Ligand Tuning of Localized Surface Plasmon Resonances in Antimony-Doped Tin Oxide Nanocrystals

• Published in: Nanomaterials (Basel, Switzerland) Vol. 12; no. 19; p. 3469
• Main Authors: Balitskii, Olexiy, Mashkov, Oleksandr, Barabash, Anastasiia, Rehm, Viktor, Afify, Hany A., Li, Ning, Hammer, Maria S., Brabec, Christoph J., Eigen, Andreas, Halik, Marcus, Yarema, Olesya, Yarema, Maksym, Wood, Vanessa, Stifter, David, Heiss, Wolfgang
• Format: Journal Article
• Language: English
• Published: Basel MDPI AG 01.10.2022; MDPI
• Subjects: Acids; Alternative energy sources; Antimony; Chloride; colloids; Crystals; Doping; Ethanol; Evans, W.H; Glazing; Indium; Indium tin oxides; Infrared reflection; Lewis acid; Ligands; Metal oxides; Nanocrystals; plasmonics; Plasmons; Semiconductors; Surface plasmon resonance; Tin; Tuning; Germany
• ISSN: 2079-4991; 2079-4991
• DOI: 10.3390/nano12193469

Aliovalent-doped metal oxide nanocrystals exhibiting localized surface plasmons (LSPRs) are applied in systems that require reflection/scattering/absorption in infrared and optical transparency in visible. Indium tin oxide (ITO) is currently leading the field, but indium resources are known to be very restricted.
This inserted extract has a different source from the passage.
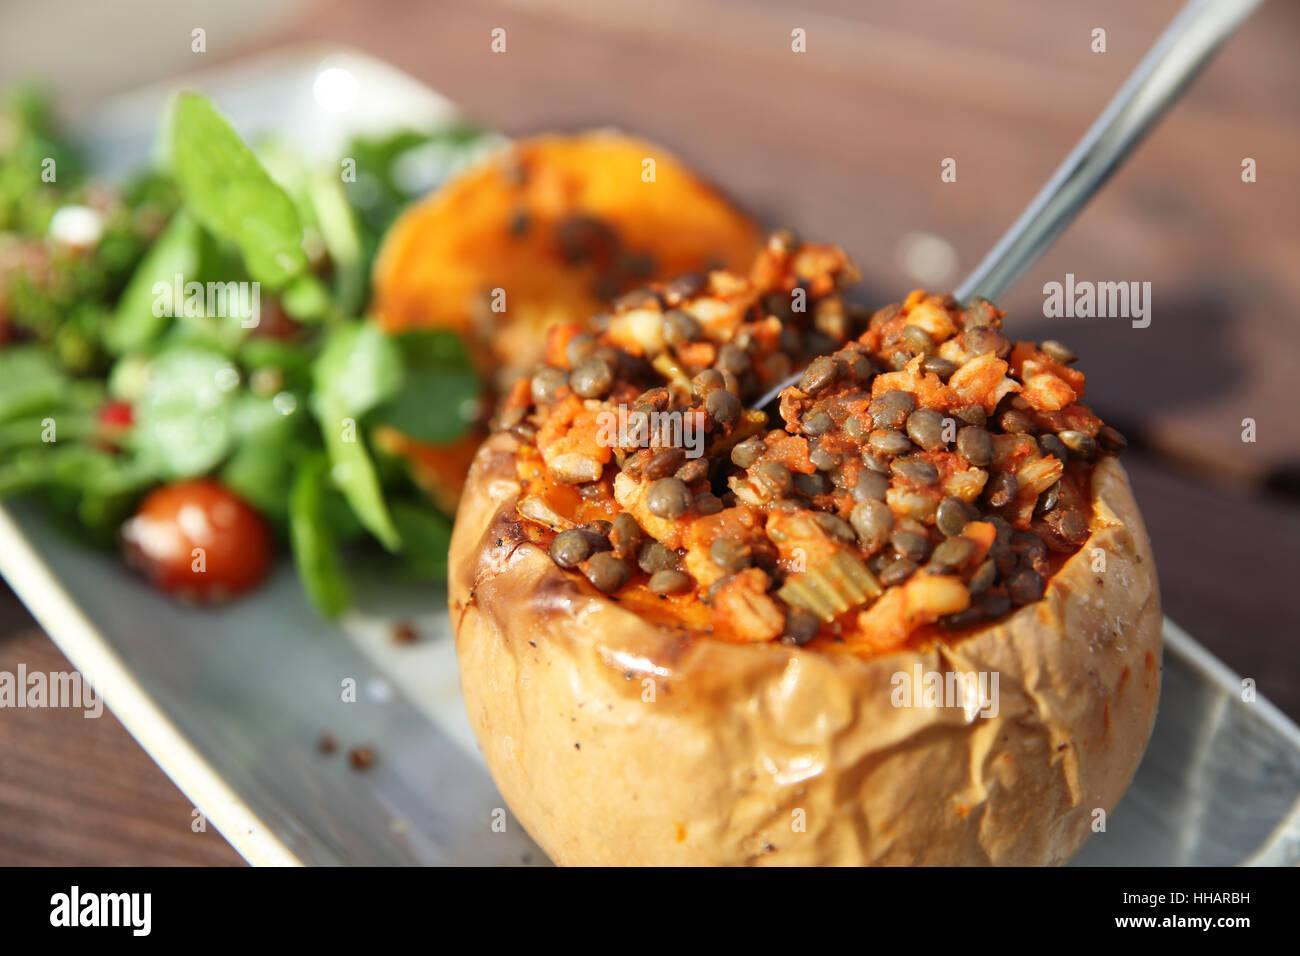 Riscaldamento e sana in autunno o caduta di cibo durante la pausa pranzo, la zucca, lenticchie e insalata, in Inghilterra, Immagini Stock
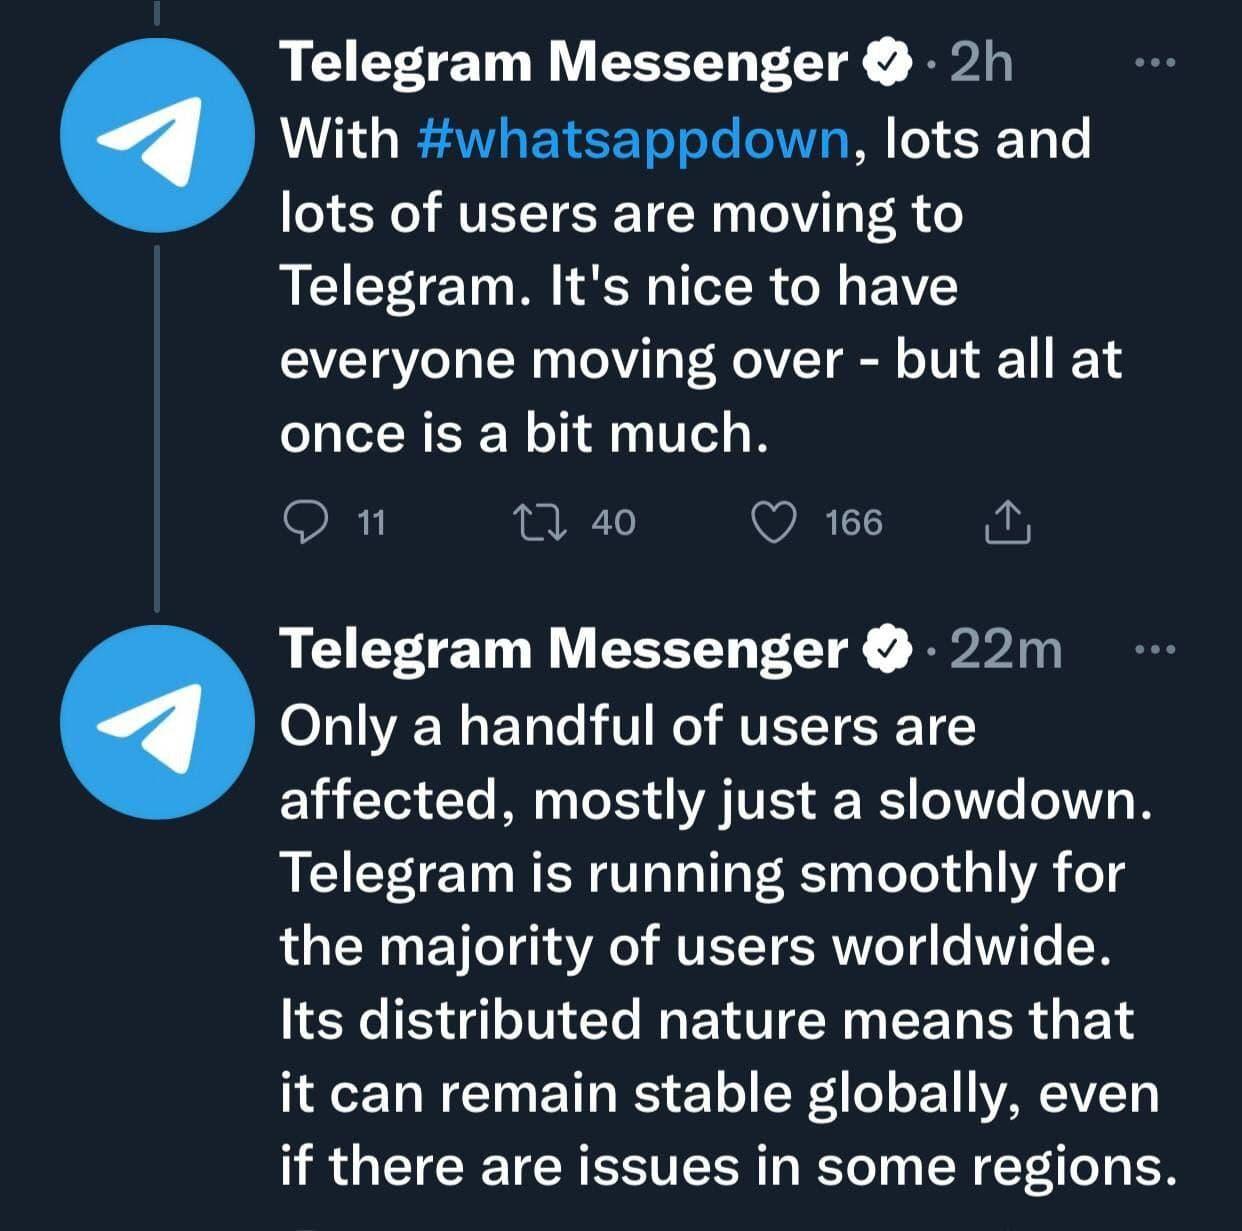 علت کندی تلگرام ثبتنام گسترده کاربران جدید اعلام شد

Antimony-doped tin oxide (ATO) is a cheap candidate to substitute the ITO, but it exhibits less advantageous electronic properties and limited control of the LSPRs. To date, LSPR tuning in ATO NCs has been achieved electrochemically and by aliovalent doping, with a significant decrease in doping efficiency with an increasing doping level. Here, we synthesize plasmonic ATO nanocrystals (NCs) via a solvothermal route and demonstrate ligand exchange to tune the LSPR energies. Attachment of ligands acting as Lewis acids and bases results in LSPR peak shifts with a doping efficiency overcoming those by aliovalent doping. Thus, this strategy is of potential interest for plasmon implementations, which are of potential interest for infrared upconversion, smart glazing, heat absorbers, or thermal barriers.